Information, in the Shannon sense, is always a "reduction of uncertainty".
So you have to have some uncertainty to reduce. "Uncertainty" is the
entropy of a probability distribution. You need an uncertainty over the
probability of event E - a probability distribution over the probability
of event E (a "prior" - e.g. the probability that the probability of event
E is between 0.29 and 0.31 is 0.6 ...).

To make it concrete lets say event E is "coin comes up heads". You want to
estimate the probability of E. You need an initial distribution over the
interval [0, 1], which will change as evidence comes in. Because this is a
distribution over a continuous, real-valued variable (the "bias" of the
coin) it must be a probability *density* function - the probability of any
specific value (like 0.3) is zero (infinitesimal). You can only assign a
finite probability to an interval (or the union of intervals).
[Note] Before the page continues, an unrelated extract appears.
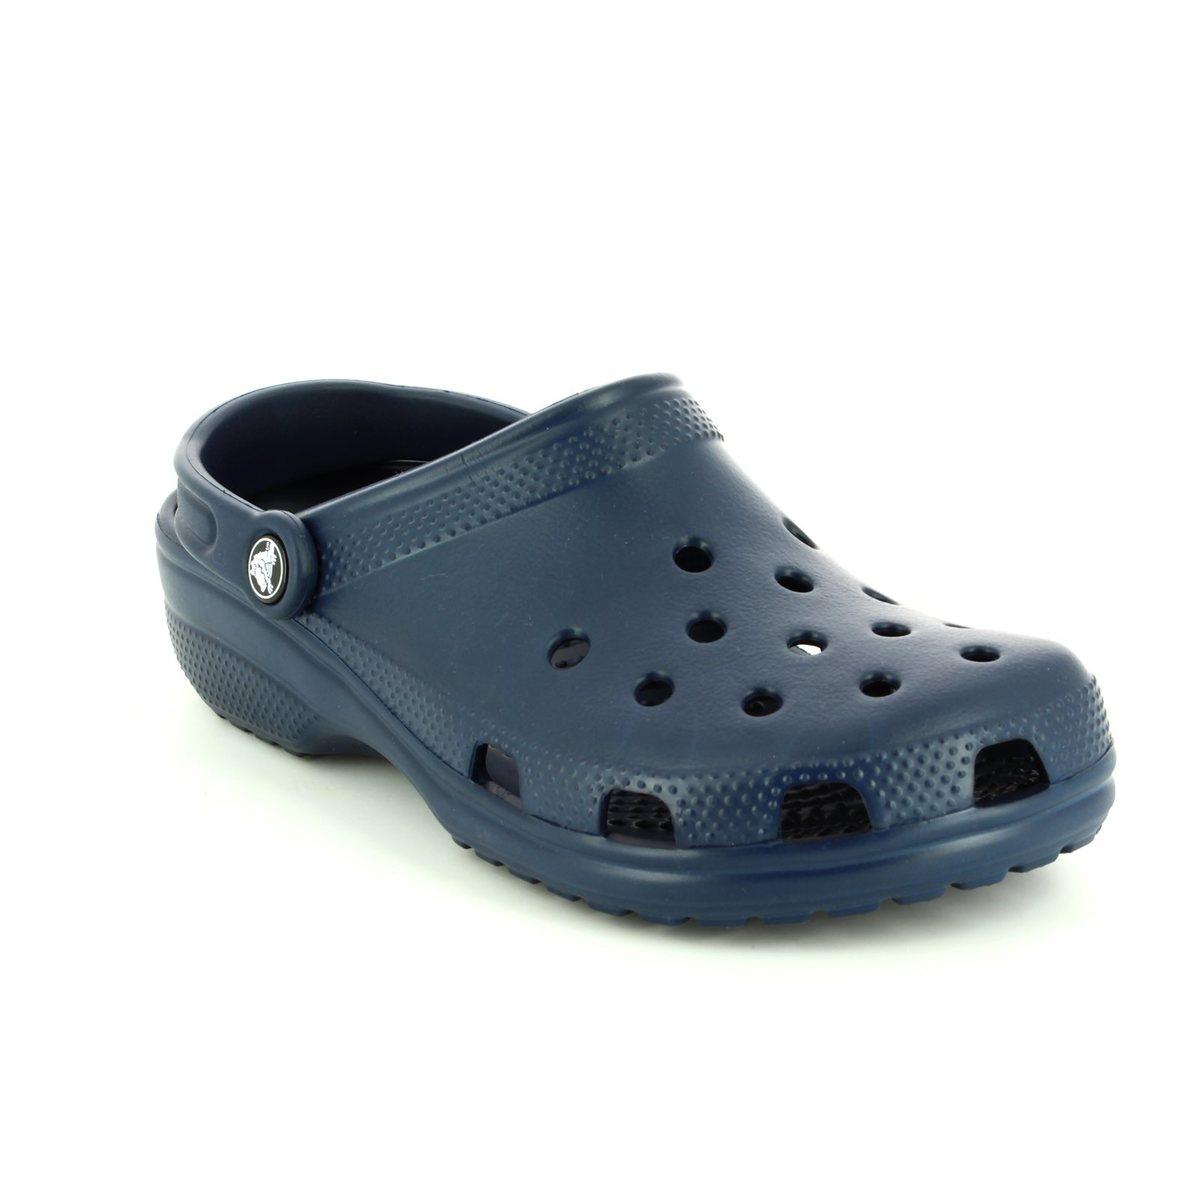 b22312639 Crocs Mens  amp  Womens - Navy - 10001 410 CLASSIC

So you have some pdf (probability density function), which is zero outside
[0, 1], nonnegative in [0, 1]. And whose integral from 0 to 1 = 1. To get
the probability that the bias lies in a particular subinterval [a, b] you
integrate the pdf over [a, b].

To get the entropy (in bits) of the pdf you integrate -pdf(x)log2(pdf(x))
with x ranging from 0 to 1.

Now some evidence comes in, a report that the probability of event E is
0.5. Still ill-formed - you need a means of updating the pdf given the
report. You get a new pdf after the report, compute its entropy, subtract
that entropy from the entropy of the old pdf, and that is the information
in bits the report provides.

So lets say your original pdf was the uniform distribution: pdf(x) = 1, x
in
[0, 1]. This has an entropy of 0 bits, which may seem strange, but for
continuous distributions only differences in entropy have meaning.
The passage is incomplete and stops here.